Think of a scenario where the concurrent access to a file system with no

synchronization causes a problem such as inconsistency or corruption of

the file system.



One process is trying to remove a file and one process is trying to create a file with the same name. If the execution of both those actions is interleaved, the creation of a file on the disk at the same position as the removed file may be allowed. The removing process may therefore remove parts of the file to be created without the file creating process noticing and leaving the disk in a corrupt state.



# Question 4:

What is the difference between the inode and the file object?



The inode is the metadata of the file on disk containing its disksector and size. A file is the in memory representation of the data on disk and always contains the inode associated with it. There may be more than one file per inode.



# Question 5:

Consider the following set of actions, which are provided in the following

chronological order. What will student.txt contain?



Assume synchronization of the file system.



Process A: create(student.txt, 1000)

- Create a new file

Process A: fd = open(student.txt)

- Opening the file returns a valid fd

Process B: remove(student.txt)

- Files directory entry is removed and inode of file is flagged for deletion 

Process C: create(student.txt, 1000)

- Creates a new file on disk, this one is different from the one created before

Process C: fd = open(student.txt)

- Opening the new file returns a valid fd 

Process C: write(fd, ”AAA”, 3)

- Write to the new file

Process A: write(fd, ”BBB”, 3)

- Write to the old file

Process A: close(fd)

- Close the old file, which triggers its removal from disk

Process C: close(fd)

- Close the new file



The file "student.txt" content is "AAA".



# Control Questions:



- What is the difference between file_open and filesys_open? 



filesys_open looks up the inode of the file by calling lookup on the root directory and then invokes file_open on the found inode. file_open allocates a new file object for the inode and returns it.



- Which functions from inode.c are called when you call filesys_remove,

filesys_open, filebclose, file_read, and file_write?



inode_open, inode_close, inode_read_at, inode_write_at, inode_remove.

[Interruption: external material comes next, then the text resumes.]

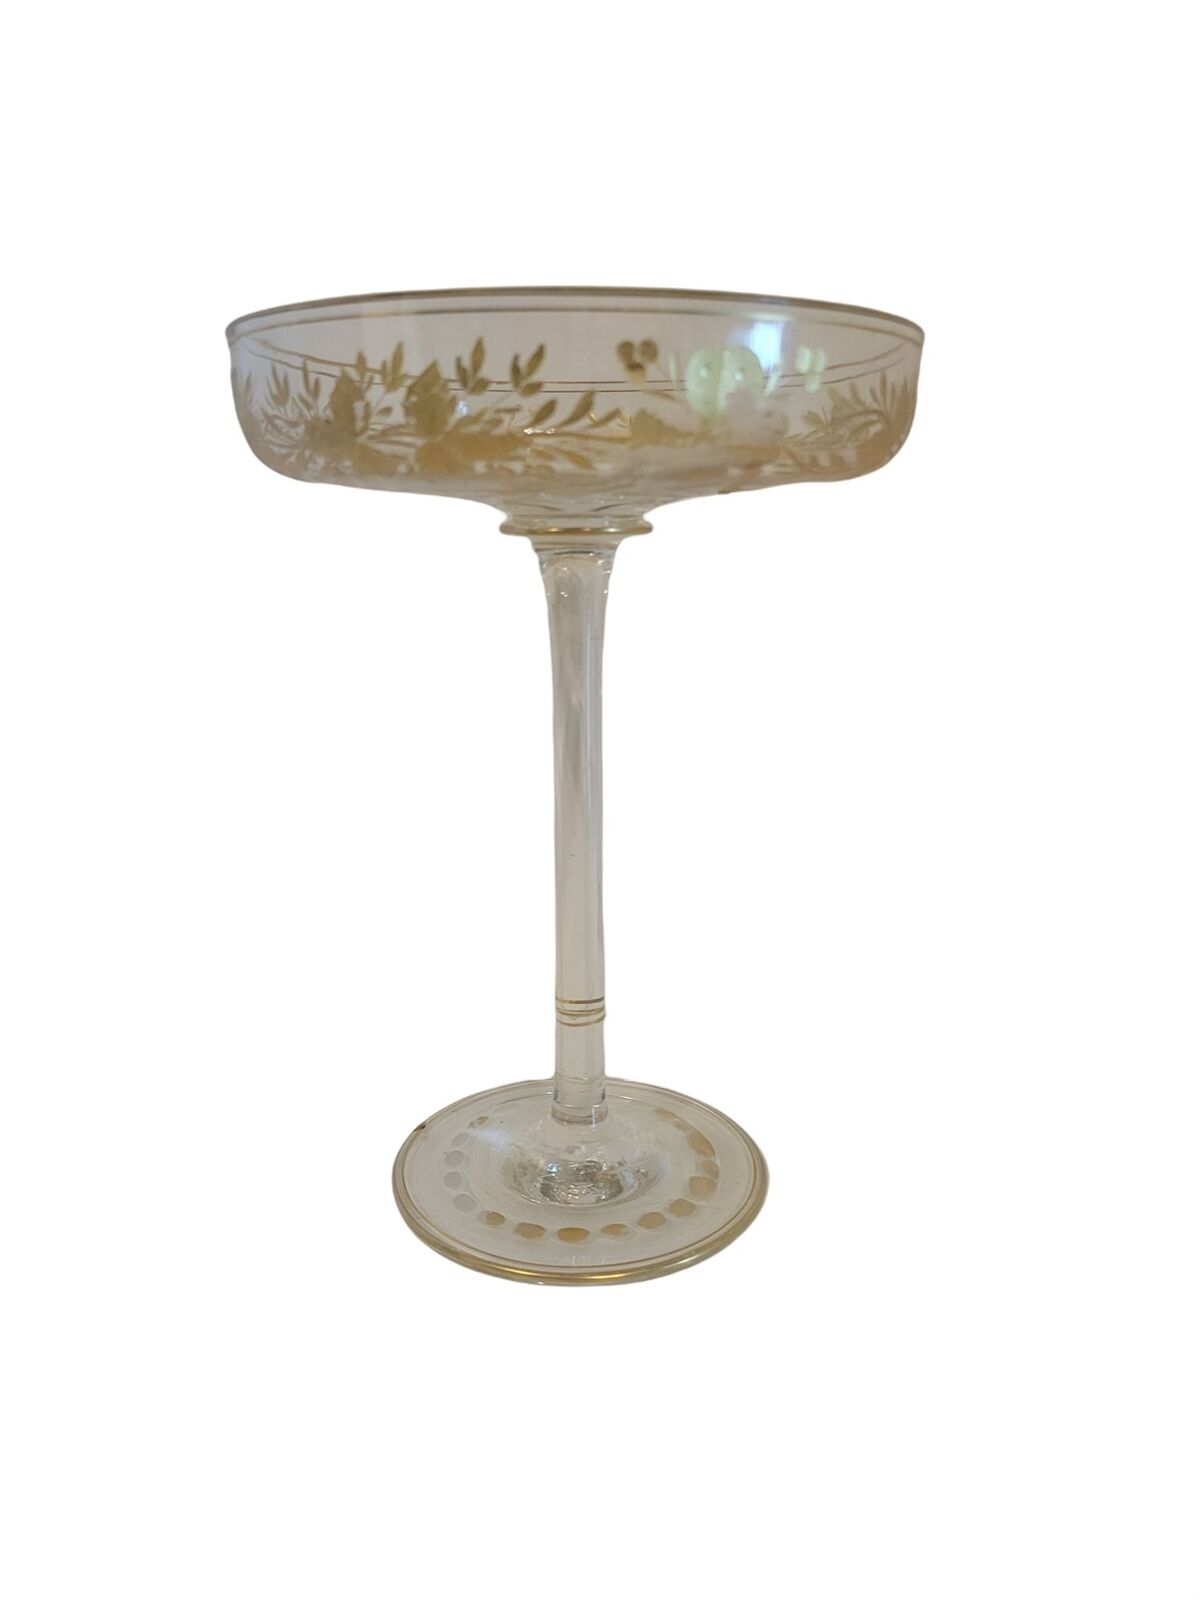 Vintage Tall Hand Painted Floral Crystal Glass Compote

- When you remove the file, what is removed first, the file name from the

directory or the file content from the disk? How and when is the file

content removed?



The file name is erased first by dir_remove, then inode_remove flags the inode for deletion.

If inode_close called by the last thread that had a file with that inode open and the inode was flagged for deletion its content is removed from the disk.



- What happens if you attempt to remove an open file?



The files inode is flagged for removal, it's entry removed from the directoy and it's contents are removed from disk as soon as the last thread that had a fd to the file closes the fd.



- How can you keep track of the position in a file?



The file struct contains a field with the position in the file.



- Can you open a file, on which filesys remove has been called?



No because the directories entry is removed so the lookup call in filesys_open will fail.



- Find where free_map_allocate and free_map_release are used in inode.c.



free_map_allocate is called when a new inode is created on disk (inode_create) and free_map_release is called when an inode is removed from disk (inside inode_close).



- There are few levels where you can add your implementation of the readers-

writers problem: system calls, files, and inodes. Think about advantages

and disadvantages of each approach. Which level is the most appropriate? Motivate your answer.



System calls:

- We would do synchronization only if a user program uses a file. We would have to keep track of how files are opened. No real advantages, would cause problems with files being opened without syscalls.



Files:

- Again, we would synchronize only if we are not operating on the inodes directly. Some functions may directly invoke inode functions, which would not be synchronized. In addition, we have no good way to keep track of the semaphores, since there may be more than one file per inode.



Inodes:

- We get synchronization for every time the disk is altered, which is what we want. We keep track of all instances of inodes being open inside the same inode object, which means that we can store our semaphores for the RW algorithm with them. We can free the semaphores once the last opener of an inode stops execution.